May Reading; “We are the Asteroid; We are Bruce Willis”
Added 2025-05-15 03:11:06 +0000 UTCThis month’s reading was born of an unexpected chance to jump in with some other great Philly artists at the FringeArts/Obvious Agency Scratch Night which happened early this week. If you’re unfamiliar with one or both of those organizations, FringeArts is galactic in size on the Philly scale, and Obvious Agency has an incredibly ambitious and awesomely inter-planetary new piece called Space Opera that will be making its debut this June; if you like role playing games, this is your chance to play at a scale you never before imagined, in a story that (true to this month’s theme) challenges players to work as communities and collectively address massive impending catastrophe. I highly recommend checking it out!
Falling into the chance to playtest, I opted to finally put some water through the pipes of a project I’ve been toying with for a long time: “Funeral Parlor for a Species (working title) tackles the terrifying possibility of extinction by taking a page from end of life care and applying it on a grander scale.

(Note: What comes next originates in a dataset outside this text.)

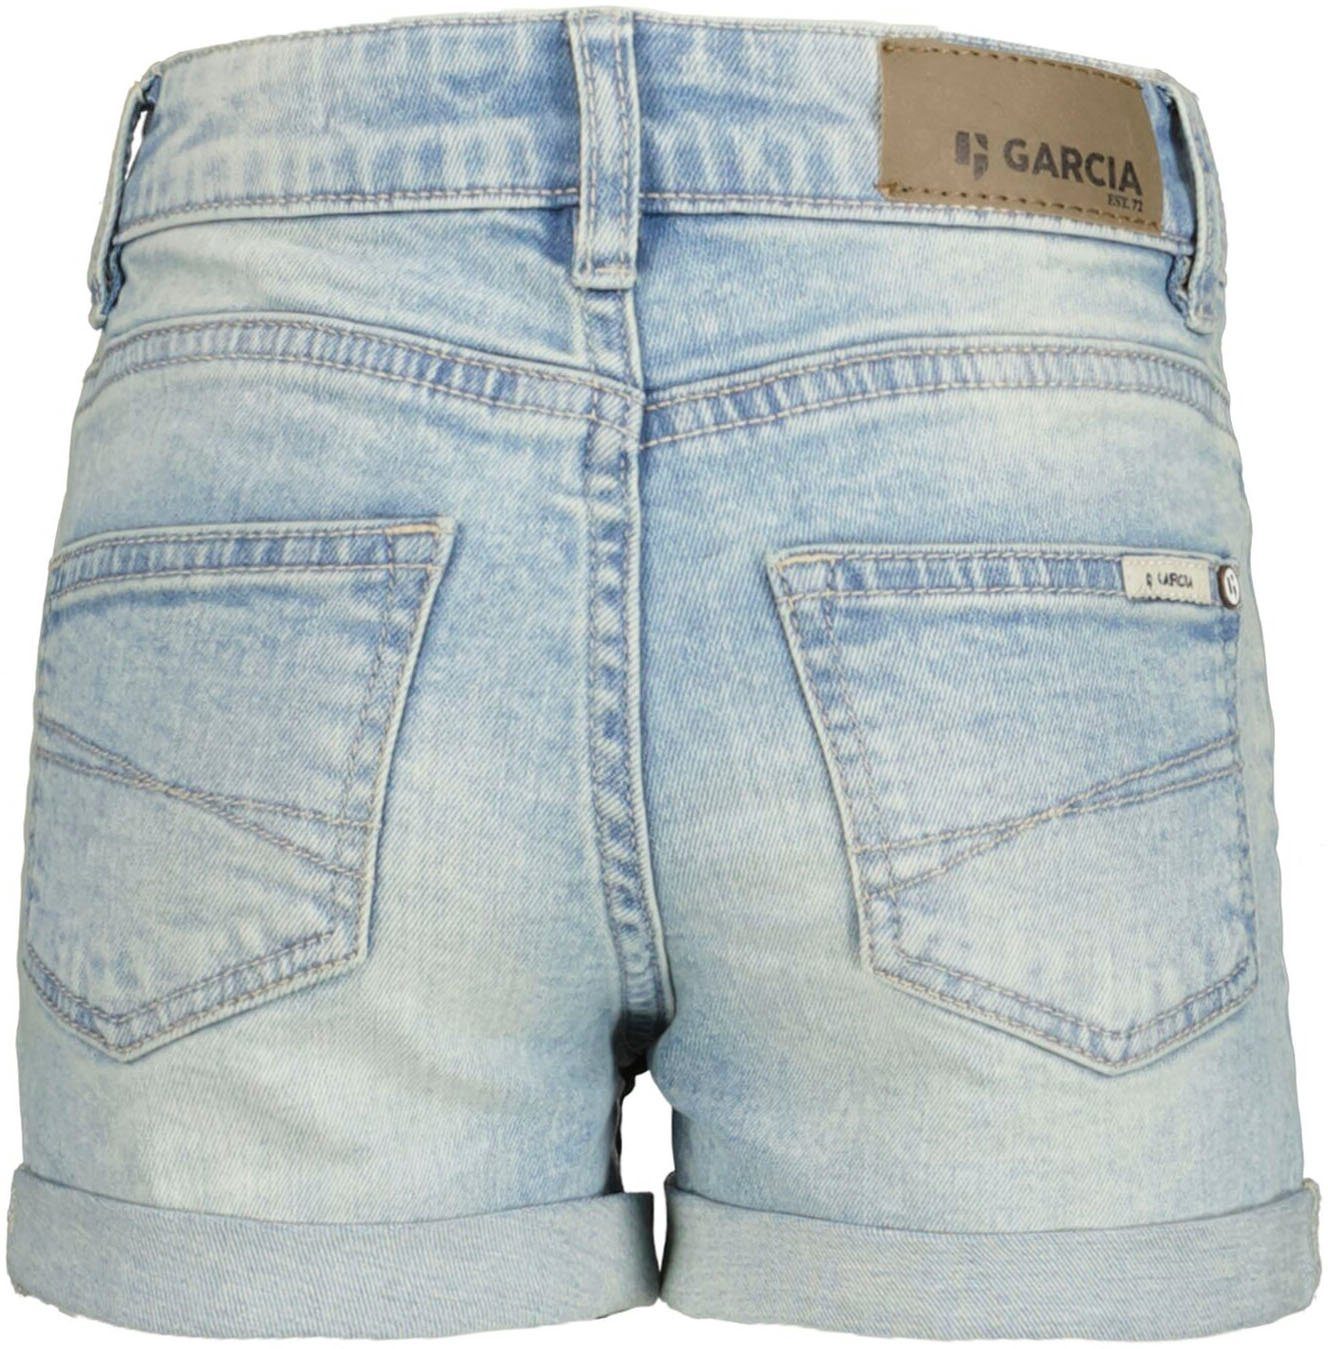 Jeansshorts für Sanna Girls Garcia

The Center for End of Species Care (CESC) invites you to join a focus group to consider the history of species becoming history, and to look at species currently at risk and image: what would a considered end be for an entire kind of entity?” This is actually the first of two new pieces I’m playing with this year (because I have peace, apparently), and while I wasn’t expecting it to be the first that patrons would get a chance to explore, folks at the “Get Hands On” tier and above can expect to see me putting together a few Zoom playtests in the coming months as I continue to tool with it.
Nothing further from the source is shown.